Maguindanao became known as a haven for Islamic militants when the notorious Malaysian terrorist and bomb-making expert Zulkifli bin Hir alias Marwan was killed there in 2015. He had been coddled by BIFF elements, according to reports.
Forty-four members of the government’s elite police Special Action Forces were killed in the area when the commandos encountered MILF and other private armed groups during a raid to arrest Marwan in the Muslim-dominated province’s Mamasapano township. Then President Benigno Aquino III now faces potential charges for his oversight role of the deadly botched raid.
Speaking to the Foreign Correspondents Association of the Philippines in Manila in February, MILF chieftain Al Haj Murad Ebrahim abhorred the ideology espoused by ISIS, assuring the government it would help to flush out violent extremism in their stronghold. But not all analysts and observers are convinced.
On May 11, Duterte visited Marawi for the 10th time since the siege to ceremonially receive recovered firearms and distribute assistance to 27 members of the vanquished Maute Group who surrendered to the government.
The mercurial leader asked the city’s residents for patience while calling on other ISIS supporters to come above ground and assist in the city’s peaceful redevelopment.
“Give us time to rebuild, give us time to establish the goodwill,” Duterte said in apparent recognition of the growing animosity towards the state among displaced residents.
He also expressed regret for declaring martial law for the entirety of Mindanao in response to the Marawi siege, a rights-curbing measure that will remain in effect until the end of the year. “I was not very happy with it,” Duterte claimed while in Marawi. “It was a decision most painful to me because I know that lives will be wasted.”
Critics, however, say his reconstruction plans are tone deaf to local sentiments. His government has provisionally chosen a Chinese-led consortium to lead Marawi’s rehabilitation, although its proposal may be challenged by other contractors until the end of May.
The government aims to commence rehabilitation of the city’s “ground zero” in June. The reconstruction is estimated to cost 51 billion pesos (US$1 billion) and will take around three years to complete, according to the government’s plans.
China’s lead role in the reconstruction, however, does not sit well with many residents. Banlaoi, for one, believes that the war in Marawi would not have been won if not for the technical assistance of other nations, particularly the United States. China, to which Duterte has pivoted in pursuit of a rebalanced foreign policy, also supplied firearms to defeat the militants.

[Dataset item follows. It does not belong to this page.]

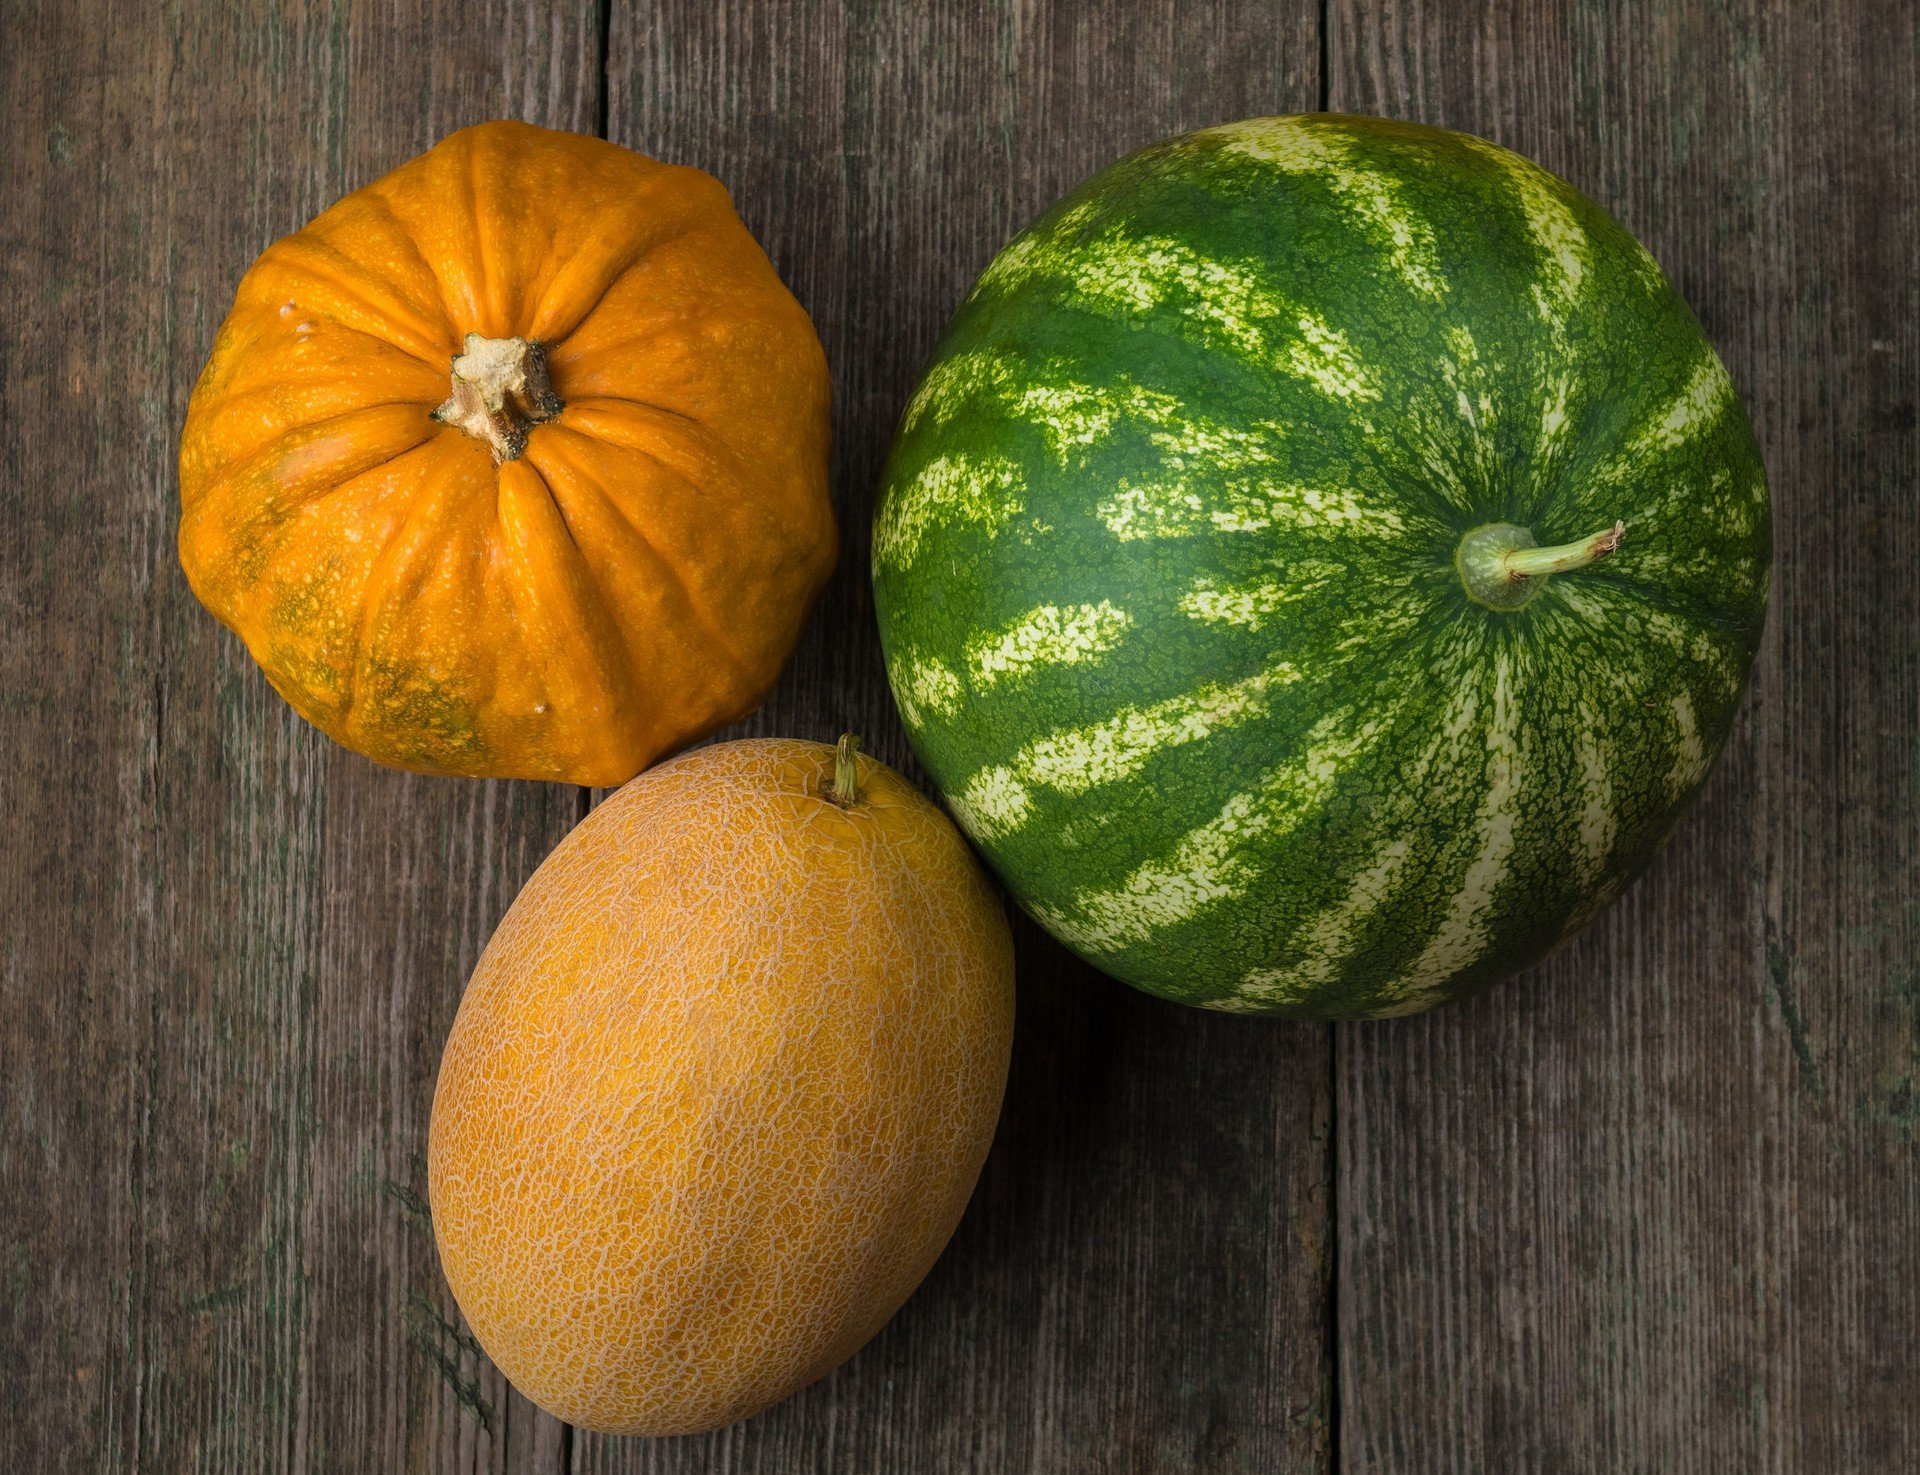 Dynia I Arbuz Ważą Razem 8 Kg Dynia, arbuz i melon – poznaj zdrowotne właściwości roślin dyniowatych

Peace advocate Eliseo Mercado Jr, a priest from the Oblates of Mary Immaculate congregation, has consistently and strongly criticized the government for the lack of any development at Marawi’s “ground zero” seven months after the city’s so-called liberation.

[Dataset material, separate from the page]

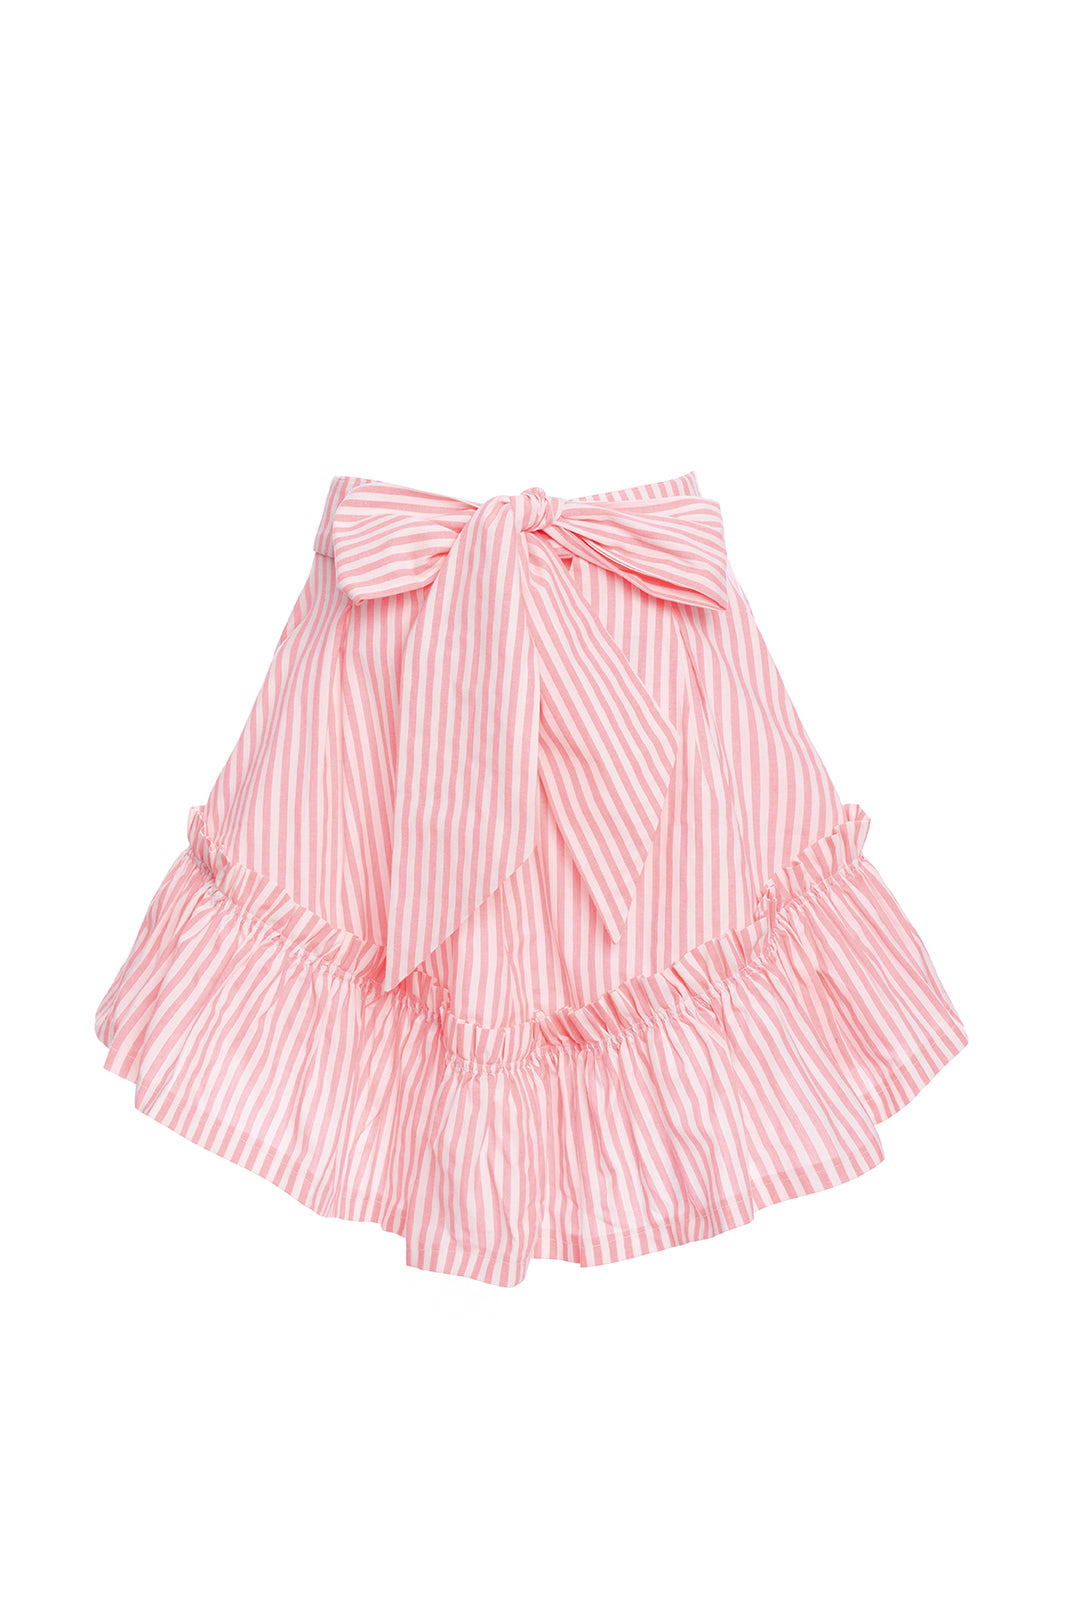 Quinoa Skirt Pink Candy Stripe

“If you don’t allow them to return and rebuild their homes according to their heritage, they will have rebellious hearts,” he said, warning that ISIS-aligned groups will actively exploit to their advantage the government’s neglect of local voices in the rehabilitation process.
Drieza Lininding, chair of the Marawi-based Moro Consensus Group, a community organization, says that the government’s multi-agency task force created to lead the state’s rehabilitation efforts has not yet held any significant public grassroots consultations with locals.

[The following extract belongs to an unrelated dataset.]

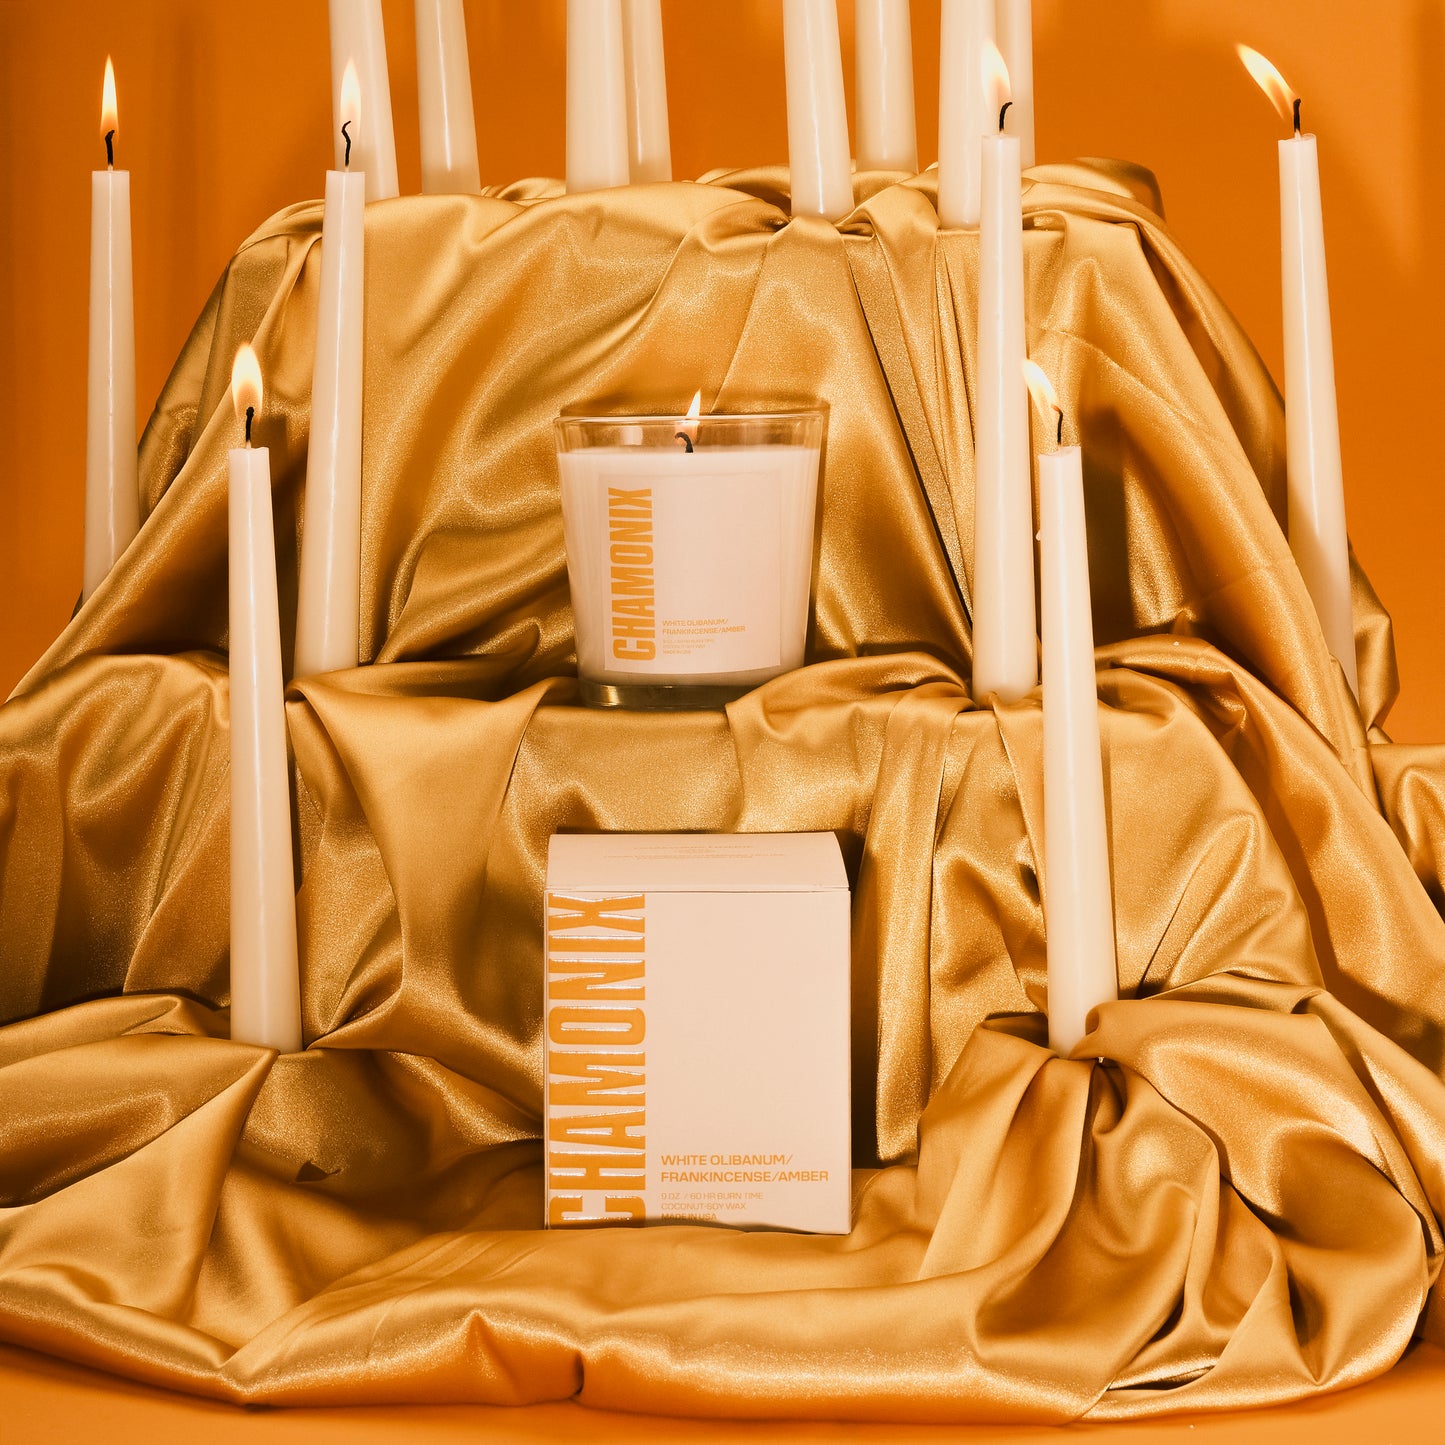 Chamonix House Candle Three - White Olibanum/Frankincense/Amber

“We welcome all the help and interventions as long as they are socially cohesive and that affected residents are consulted from the planning to the implementation of projects that respect our religious and cultural beliefs,” Lininding says.
Based on a rehabilitation plan presented earlier by the government, reconstruction works will include a new lakeside promenade, economic zone, cultural and convention centers and hotels.
Banlaoi and others, however, have urged the government to restore Marawi to its original form rather than a centrally planned vision that fails to take into account the wishes and aspirations of those who continue to suffer one year after the siege.